New Delhi, July 7, 2017
Continuing to tighten norms for participatory notes, markets regulator Sebi today came out with guidelines for issuance of such instruments where the underlying assets are derivatives.
"The ODI issuing FPIs shall not be allowed to issue ODIs with derivative as underlying, with the exception of those derivative positions that are taken by the ODI-issuing FPI for hedging the equity shares held by it, on a one to one basis," Securities and Exchange Board of India (Sebi) said in a circular.
The regulator has also clarified on existing ODIs (Offshore Derivative Instruments), also known as participatory notes, where the underlying assets are derivatives.
In such cases, where the underlying derivatives position are not for purpose of hedging the equity shares, the issuing FPI (Foreign Portfolio Investor) has to liquidate such ODIs latest by the date of maturity or by December 31, 2020, whichever is earlier.
Sebi also advised ODI-issuing FPIs to liquidate such ODI instruments prior to the timeline.
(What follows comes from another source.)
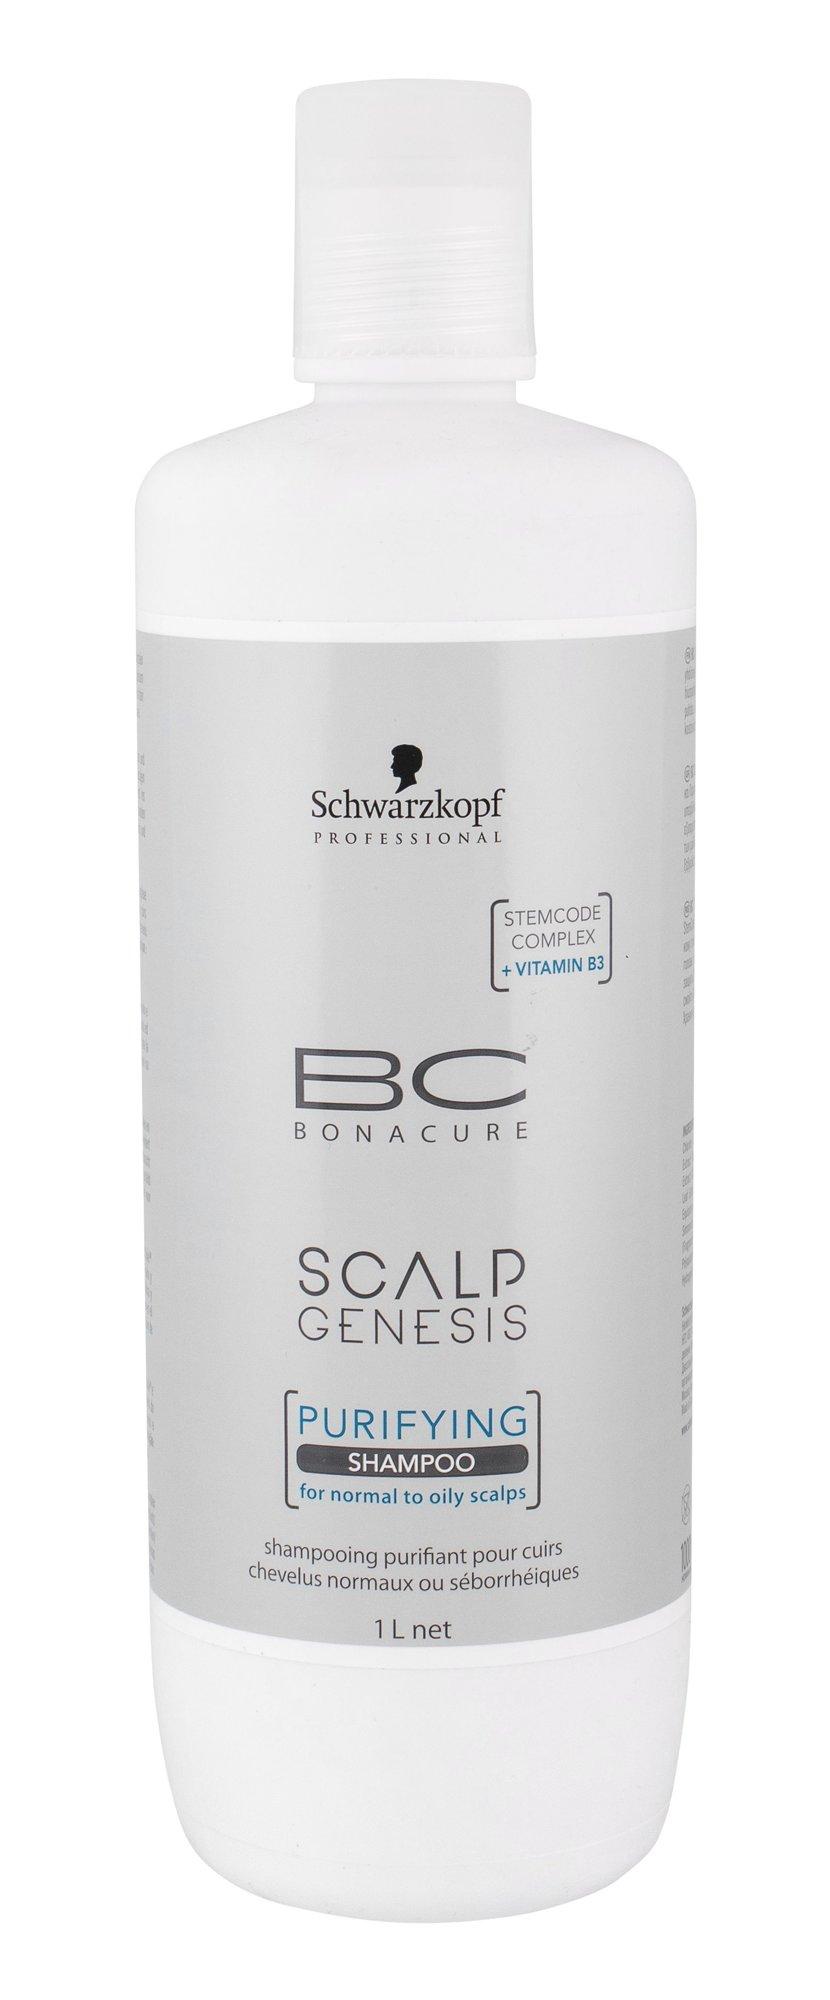 Šampūnas Schwarzkopf BC Bonacure Scalp Genesis

In the case of issuance of fresh ODIs with derivatives as underlying, Sebi said a certificate has to be issued by the compliance officer (or equivalent) of the ODI-issuing FPI.
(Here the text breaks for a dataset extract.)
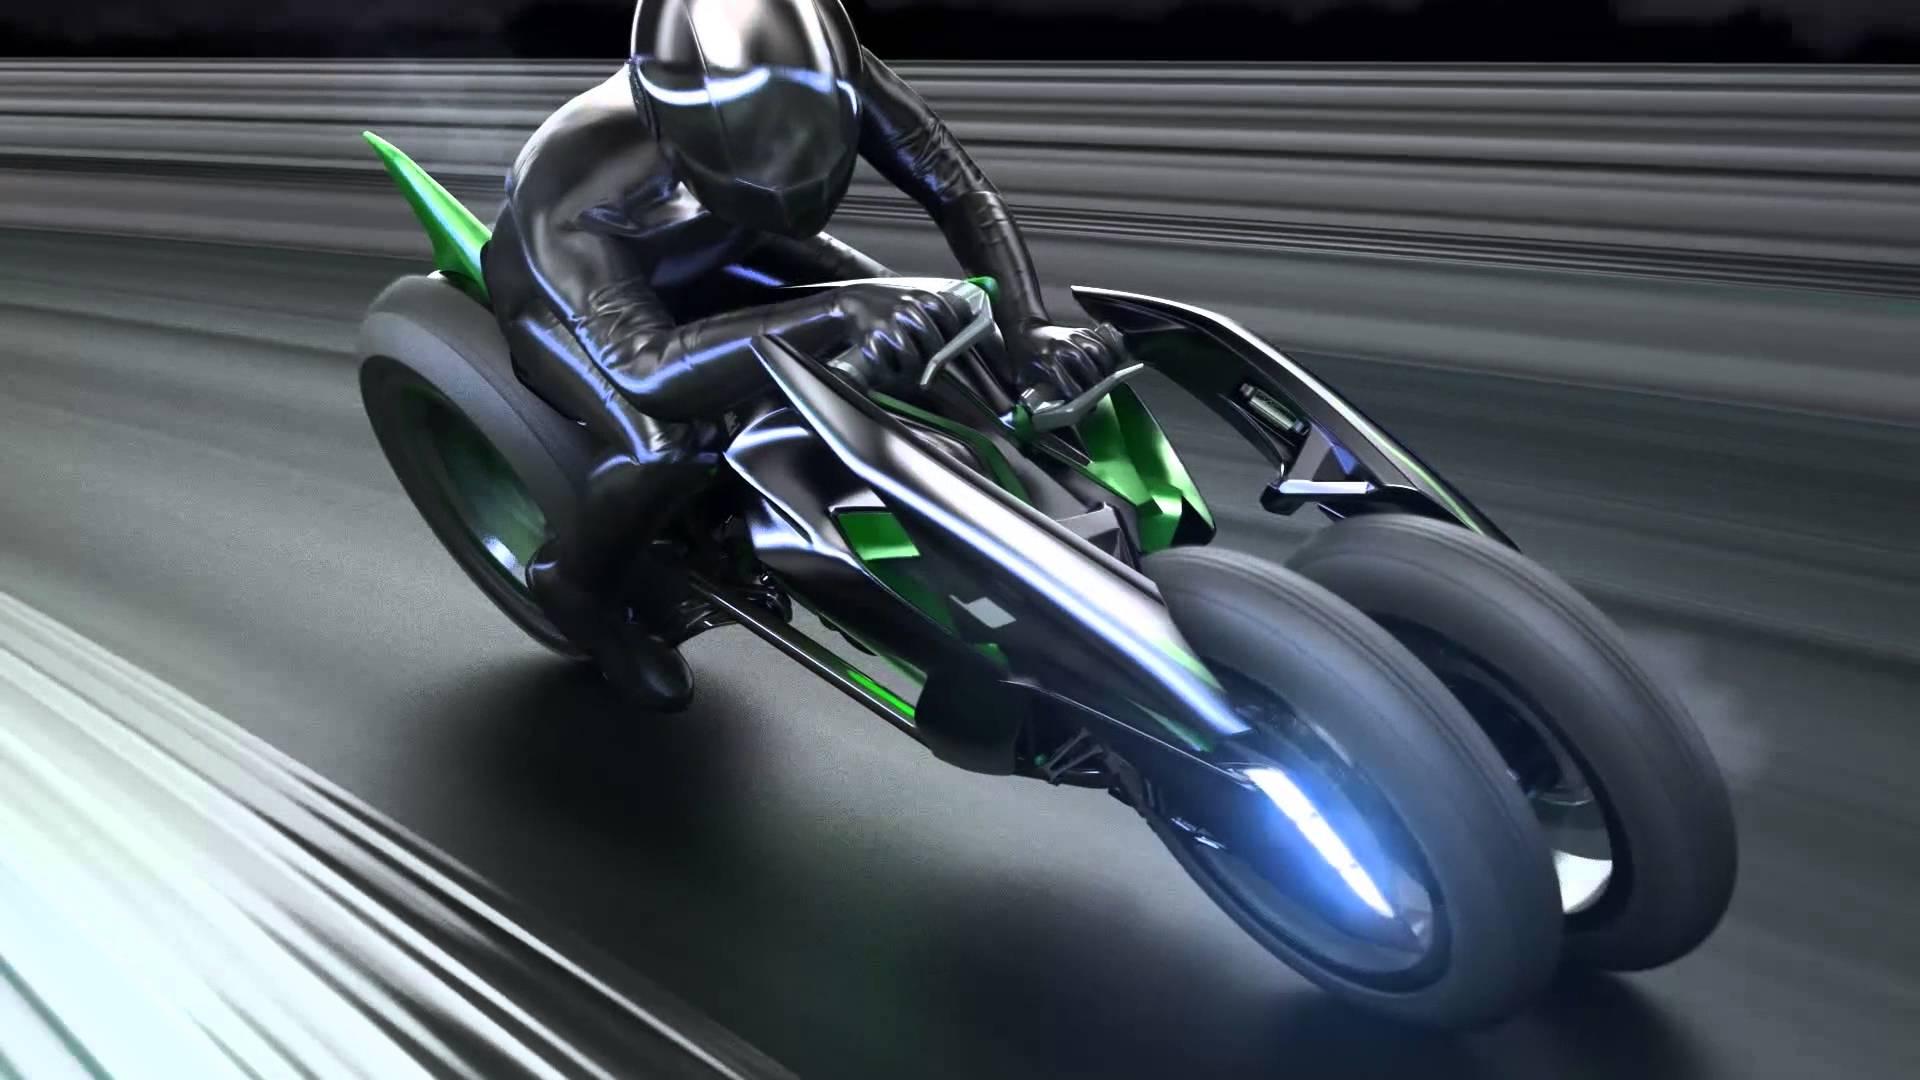 Kawasaki S Us Arm Unveils New Promo Video For Three Wheeler Concept

It should be certified that the derivatives position, on which the ODI is being issued, is only for hedging the equity shares held by it, on a one-to-one basis.
"The said certificate shall be submitted along with the monthly ODI reports," the regulator added.
As per Sebi, the term "hedging of equity shares" means taking a one-to-one position in only those derivatives which have the same underlying as the equity share.
Last month, Sebi tightened P-Note norms by levying a fee of USD 1,000 on each instrument and barred their issuance for speculative purposes to check any misuse for channelising black money.
At the same time, the regulator also decided to relax the entry norms for foreign portfolio investors willing to invest directly in Indian markets rather than through participatory notes.